There are as many ways to live a life as there are people. We are all unique. Every one of us. Yet we share a lot in common. This is one of the most difficult paradoxes or dilemmas for all of us. How much do we want to emphasise our differences and how much our commonalities? Let’s start with uniqueness. We have a highly developed immune system whose purpose is to identify absolutely everything that is “not me”. Whether that is a virus, a bacterium, a piece of wood or a thorn, a tissue or organ donated to us by somebody else, a cancer cell, infact simply anything that does not carry the perfectly unique stamp of “me”. What the immune system does is identify any of these “not me” things then try to remove them. There are an incredibly complex set of mechanisms involved in these apparently simple processes and they are all running absolutely all the time. Without a healthy immune system we get sick and we die. Uniqueness, and the protection of that uniqueness is essential to life.
There’s more to uniqueness however than our physical bodies. The non-physical part of us (let’s call that the “self”) is also unique. Where do we find this thing called the “self”? Well, first of all, its not a “thing”. The self exists within the body. Or does it exist within the mind? (oops! that’s going to lead to a hunt for the mind – it’s in the brain somewhere, isn’t it? Em, actually, no! Mostly yes, but not entirely!) Some have used the term “embedded” or, even, “embodied” to convey the idea that the self cannot be understood except within the context of the individual body. (I’ll return to that later because that takes us off down the track of consciousness studies and the mind-body problem – and that’s too long a digression for here!) It’s true that as a medical student the first patient I ever met had a body but no self. He was dead. Had been for a long time. When I studied Medicine at the University of Edinburgh the first three years of the course was called “Medical Sciences” and in Year 2 we studied Anatomy. The first patient I met was on the dissection table and smelled very strongly of formalin. It was another two years before I met a live patient. What does that tell you about the way doctors are trained to think? (actually, most Medical Schools are more enlightened now and introduce the young students to live patients from the outset. However, the body-focussed, in fact, pathology-focussed approach still reigns supreme.)
But let’s return to living human beings. A living human being has not only a unique physical body but has unique ways of perceiving (sensing) , of thinking and feeling , and of behaving (acting). To sense, think and act we use our whole self – body and mind. (Ok, someone will read this and think “what about the spirit?” Can I get back to that later? It’s an interesting subject, but, hey, this dealing with the body and the mind is complicated enough so far without introducing another controversial element!)
Most of this sensing and acting goes on automatically. The thinking tends, if at all, to come a bit later. You don’t believe me? Well, it’s true. The brain has developed in such a way that the sensory inputs from the world are processed directly in the depths of the brain which automatically reacts to the information. If somebody jumps out at you at night you see and hear them, and your heart starts to race, your eyes shoot wide open, your legs and hands start to tremble and you are ready to either defend yourself or run away, all without having had to think about it. The thinking “I’m scared!”, or “What the….?!!!” happens just slightly after the brain and the body has already adjusted to the threat.
Most of what happens inside us happens automatically. And just as well really, can you imagine having to remember to breathe out every time you breathed in? Would you really want to know and constantly control what’s going on inside your bowel? I don’t think so. However, we have amazing abilities to become aware of what’s going on both inside and outside us, which allows us to make choices and so take much more sophisticated and complex actions in response to the situations which occur every day. More than this, what our minds especially give us is the ability to make sense of things.

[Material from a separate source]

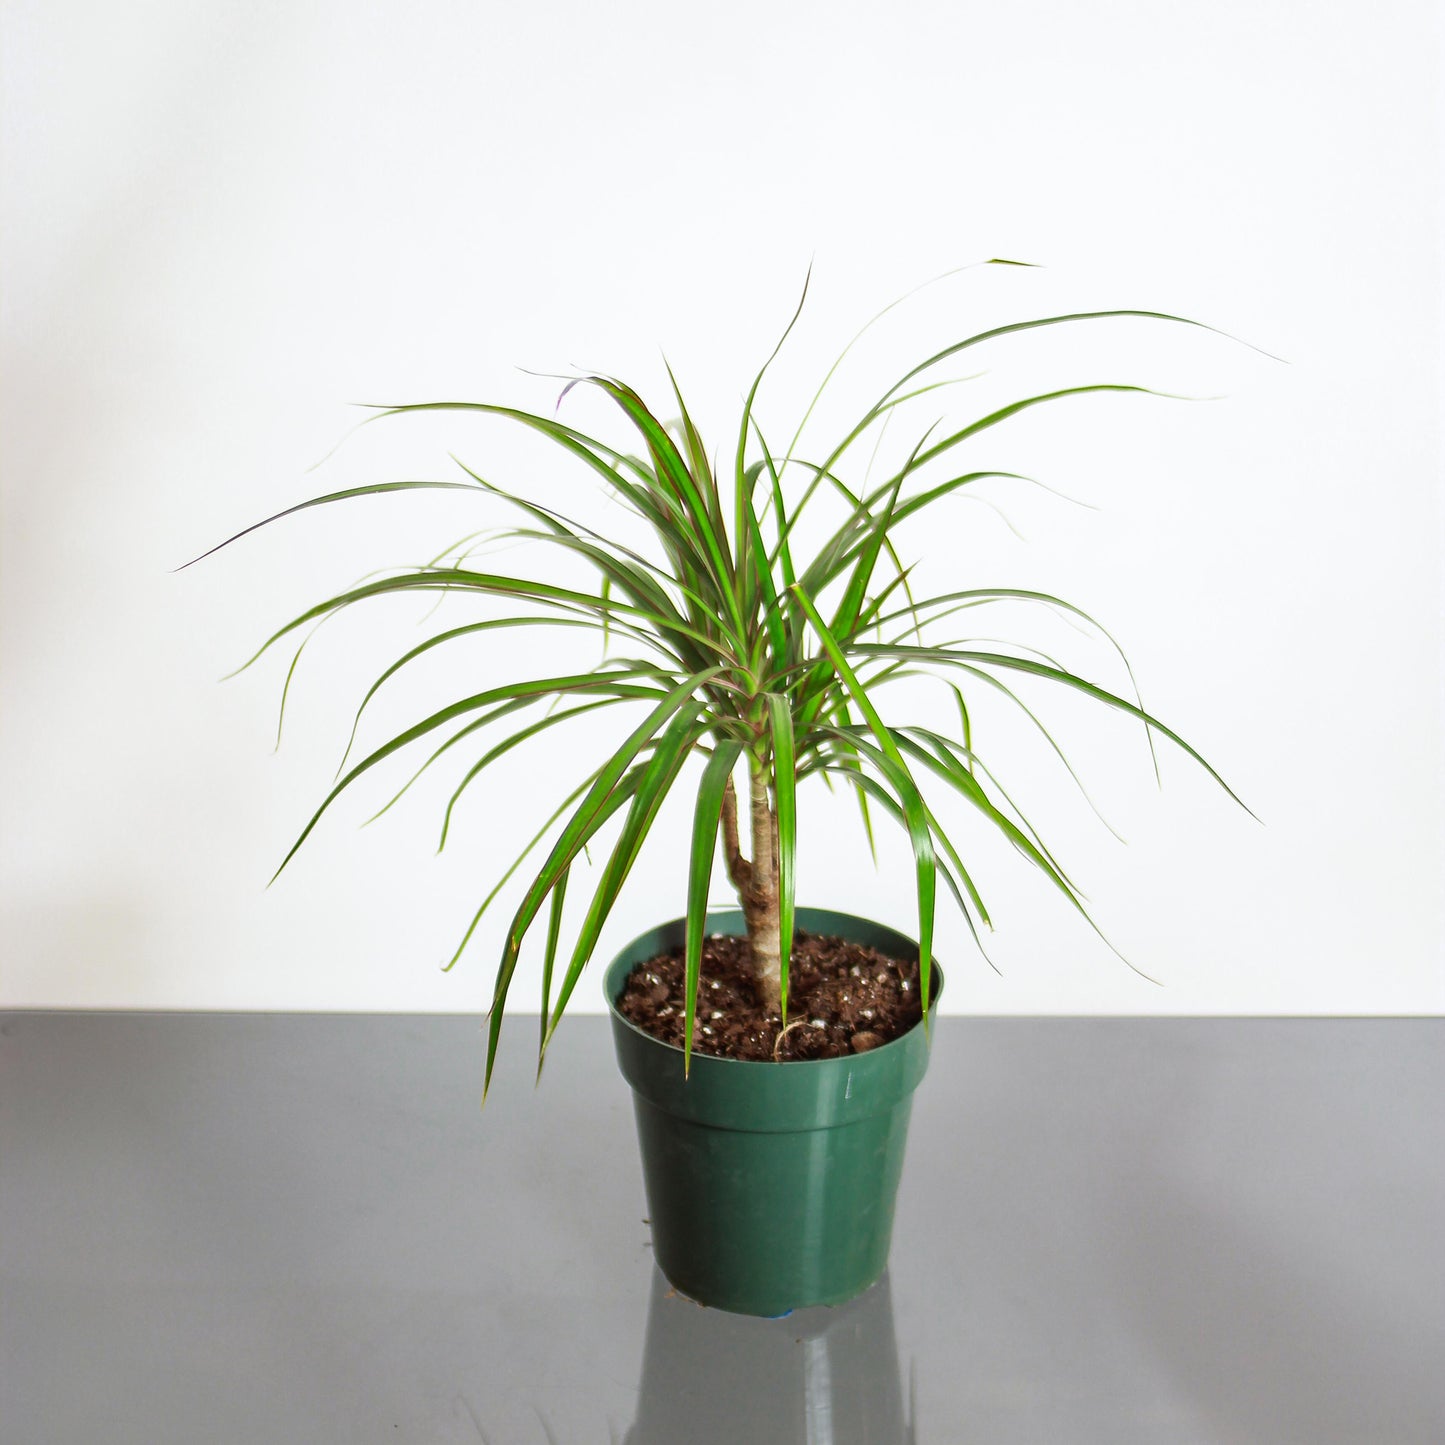 Aboera, Dracaena (Dracaena marginata) in a 6 inch pot. Indoor plant for sale by Promise Supply for delivery and pickup in Toronto

As human beings we are the most meaning-seeking of all creatures. We always want to understand what is happening, to make sense of our experiences and we do that through an incredible device – storytelling. In fact, it could be argued that the self is a narrative construct (but, hey, there’s something else to return to later!). One of the great advantages of making sense of things is that we learn, we grow, we develop, and in the process become better able to deal with the world in which we find ourselves.
So, here is the nub of the issue and the basis of this entire site – we function automatically – like zombies – and we learn, we choose and we grow – like heroes.
Joseph Campbell, who studied myths around the world, identified key themes which occur in all mythologies . Think back to when you were a child and you were told a “Once upon a time….” story. A typical story has a main character who has to undergo a series of challenges to win the prize. For example, the prince wants to marry the princess but first of all has to slay the dragon and rid the country of the evil spell cast by the wicked witch. As he overcomes the dangers, slays the dragon, outwits the witch, and so on, he grows, he gains certain new skills and abilities – “boons” – so that in the end he has developed into the man who is worthy of the princess. Well, we are all that character. We are the main character in the stories of our own lives. We have desires we want to have fulfilled and we have the chance to develop and to grow as we deal with the various challenges and difficulties that life throws our way. In the end, we are the heroes of our tales. But what if we don’t accept the challenges? What if we don’t notice what’s possible? What if we don’t make sense of our lives and instead just default to the automatic pilot function? Then we live the life of zombies.
This is your choice. What kind of life do you want? The life of a hero? Or the life of a zombie?